My thoughts strayed again to Bérenger. His confession had not entirely surprised me. I had suspected that his virulent defense of Church doctrine stemmed not from true zeal but from fear. His words on doctrinal matters so often rang false, revealing a desperation only partially disguised by his bluster. He feared that any tug at the loose threads of belief would lead to a tangled, unsalvageable skein. His fear was not unfounded, of course: I knew that from the unraveling, and now the tentative rewinding, of my own faith. But I hadn’t thought his faith to be so close to fraying. Nor had I guessed how deeply it, too, made him suffer.
It occurred to me then that perhaps the book of visions would help to jolt Bérenger from his habits of mind, like a stick of intellectual dynamite. Imagining another Marie Madeleine, one whose love for God could be both spiritual and physical, might help to soften his rigidity and strengthen his faith. The book became, in my mind, the panacea I sought for the ills my loved ones faced: it would restore Bérenger’s faith, assuage Madame’s anguish, and confirm my own fledgling belief in the integrity and holiness of the natural world and of ordinary human experience.
I tried to put myself in the mind of the priest as he was deciding where to hide the book for the second time. If he had claimed that Jeanne Catherine’s body had withstood the ravages of worms, he must have wondered about her son’s corpse, buried in the crypt. Would his body be free from the effects of decomposition as well, even years after his death? The priest must have opened the child’s casket—how could he have left such a question unanswered? And regardless of the state of the boy’s body, what better hidin
g place could be found than within one of the caskets in a secret tomb? Even savage revolutionists would not likely go to the extent of prying up the flagstones of the church floor to find the tomb. And even if they did, they would surely hesitate before lifting the lids of the coffins.
Still, he must not have felt that his hiding place was completely secure, for he had gone to the further trouble of asking the favor of his friend and hiding the flask in the baluster. I imagined the poor tortured man, bent over the baluster in the dead of night, cutting away the slab of wood from the capital, then meticulously drawing the map of the sanctuary, with the knight’s stone clearly delineated.

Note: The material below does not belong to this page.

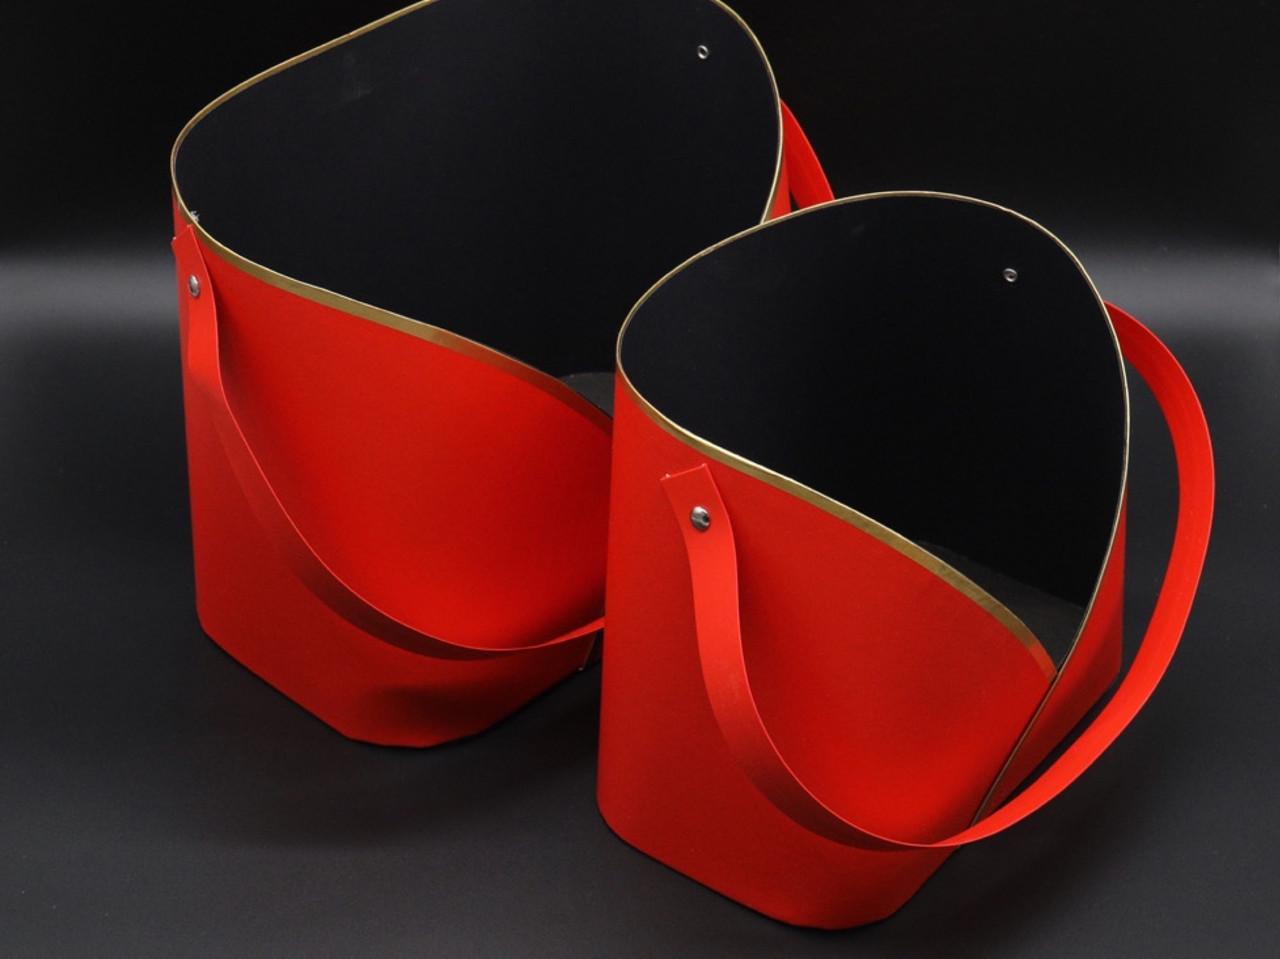 Коробки для квітів. Сумочка. Колір червоний. 2шт/комплект. 25х20х15см

When did he scribble that verse from Job? As a last fevered thought before he rolled up the parchment like a cigarette and stuffed it inside the flask? And what was he thinking of as he did? The tomb itself ? The terrifying madness of his patroness? The visions?
That night, when the house was quiet and everyone was asleep, Bérenger and I slipped out together, leaving the door ajar to avoid its creak, and walked to the door of the church. We each carried an unlit lantern. Bérenger handed me his when we arrived and told me to wait a moment, then disappeared into the darkness of the garden. When he returned, he was carrying a shovel, a hammer, and a pry bar.

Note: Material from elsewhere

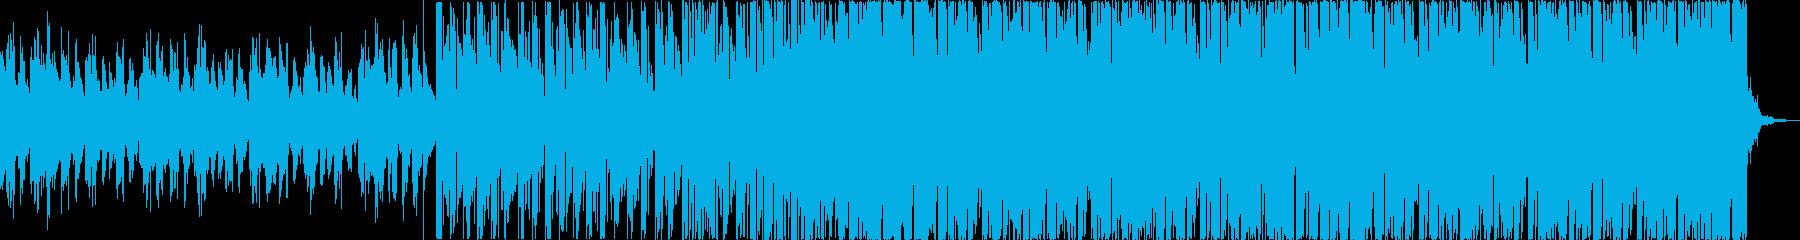 チルアウト軽快爽やかなトロピカルハウスfの再生済みの波形

Gently he pushed open the church door, then closed and locked it behind us.
“What are those for?” I asked in a whisper. A match flared in the darkness: Bérenger’s face appeared, lengthened by shadows. He lit his lantern, then mine. I fought the urge to touch his cheek, suddenly shy. We had not touched all day.
“The book must be hidden somewhere in the tomb. Where else but in one of the caskets?”
It startled me that he had come to the same conclusion as I had, even with half the knowledge—for I had still not told him of Madame and her story. Reflexively I offered another idea. “It could be somewhere beneath that mound of dirt in the tunnel.”